Susceptible Infected Recovered

Immunization

Next, we will consider the effect of immunization.

From Wikipedia:

A vaccine is a biological preparation that provides active acquired immunity to a particular disease. A vaccine typically contains an agent that resembles a disease-causing microorganism and is often made from weakened or killed forms of the microbe, its toxins, or one of its surface proteins. The agent stimulates the body’s immune system to recognize the agent as a threat, destroy it, and to further recognize and destroy any of the microorganisms associated with that agent that it may encounter in the future. Vaccines can be prophylactic (example: to prevent or ameliorate the effects of a future infection by a natural or “wild” pathogen), or therapeutic (e.g., vaccines against cancer are being investigated).

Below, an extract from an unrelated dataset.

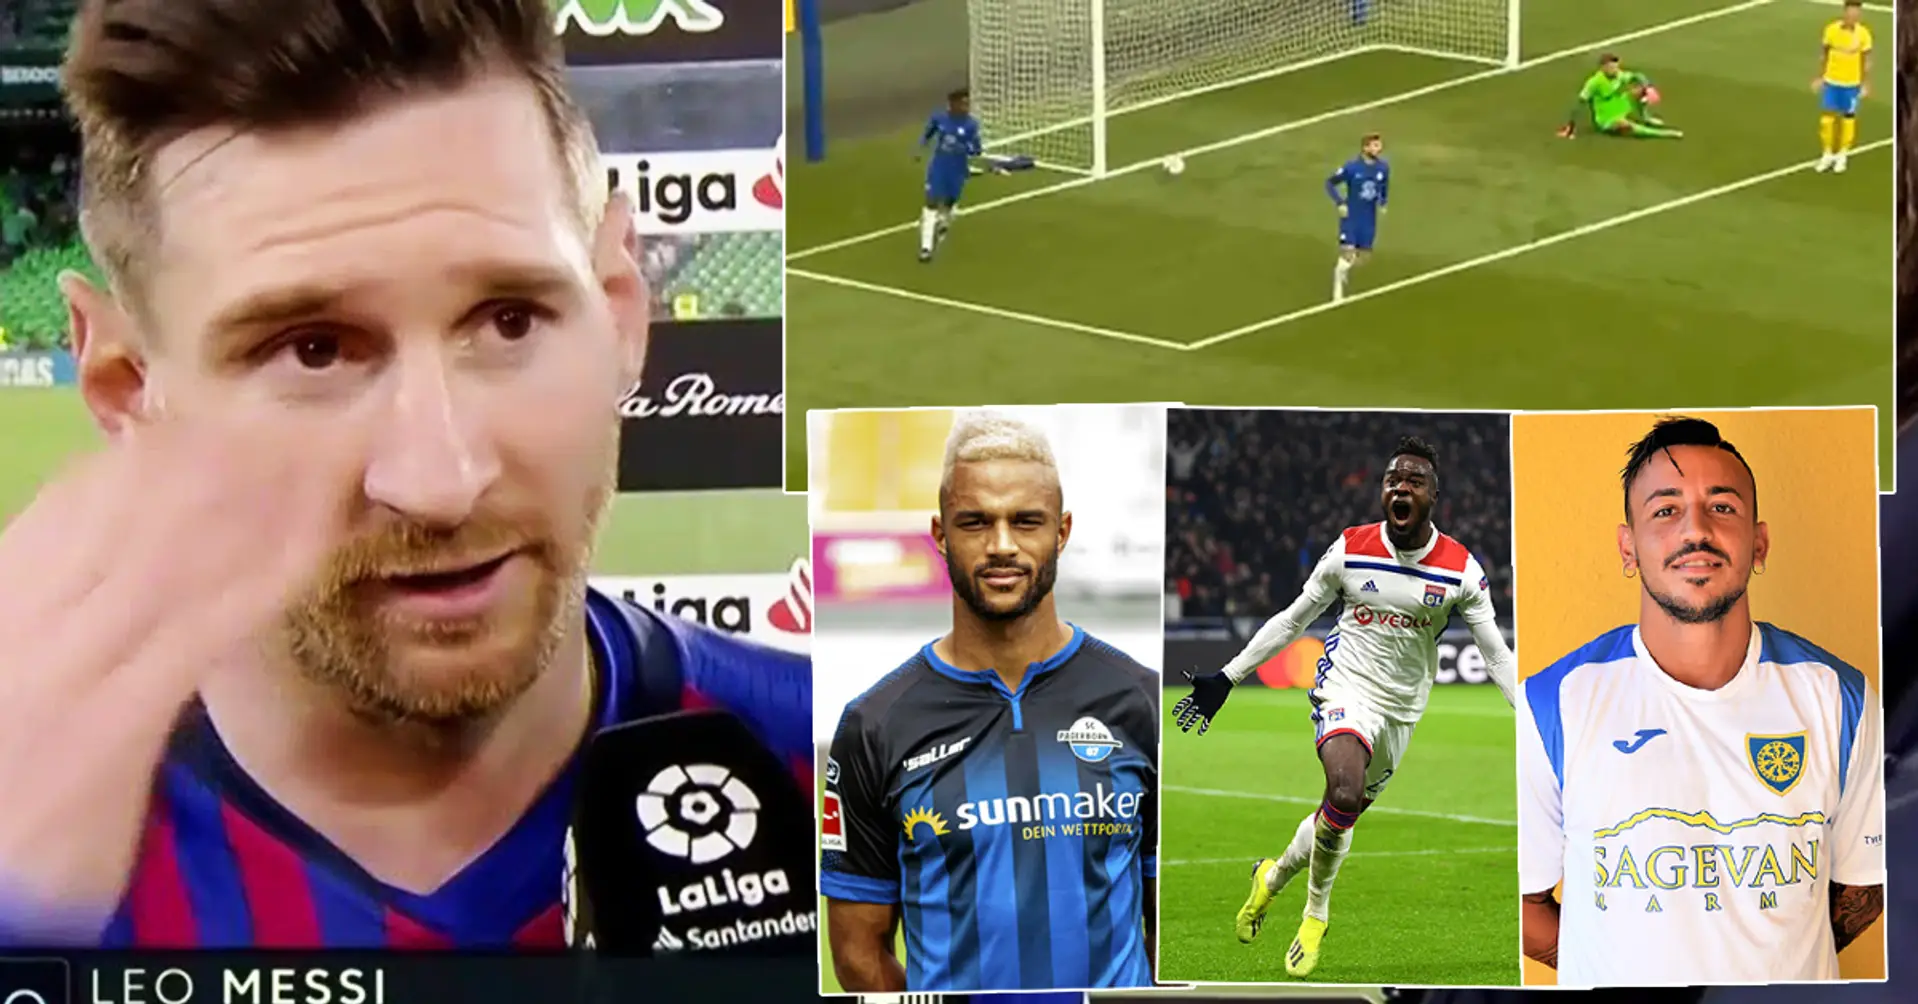 Nel 2015 Leo Messi ha scelto 10 talenti che sarebbero diventati stelle del futuro, che fine hanno fatto?

The administration of vaccines is called vaccination. Vaccination is the most effective method of preventing infectious diseases; widespread immunity due to vaccination is largely responsible for the worldwide eradication of smallpox and the restriction of diseases such as polio, measles, and tetanus from much of the world. The effectiveness of vaccination has been widely studied and verified; for example, the influenza vaccine, the HPV vaccine, and the chicken pox vaccine. The World Health Organization (WHO) reports that licensed vaccines are currently available for twenty-five different preventable infections.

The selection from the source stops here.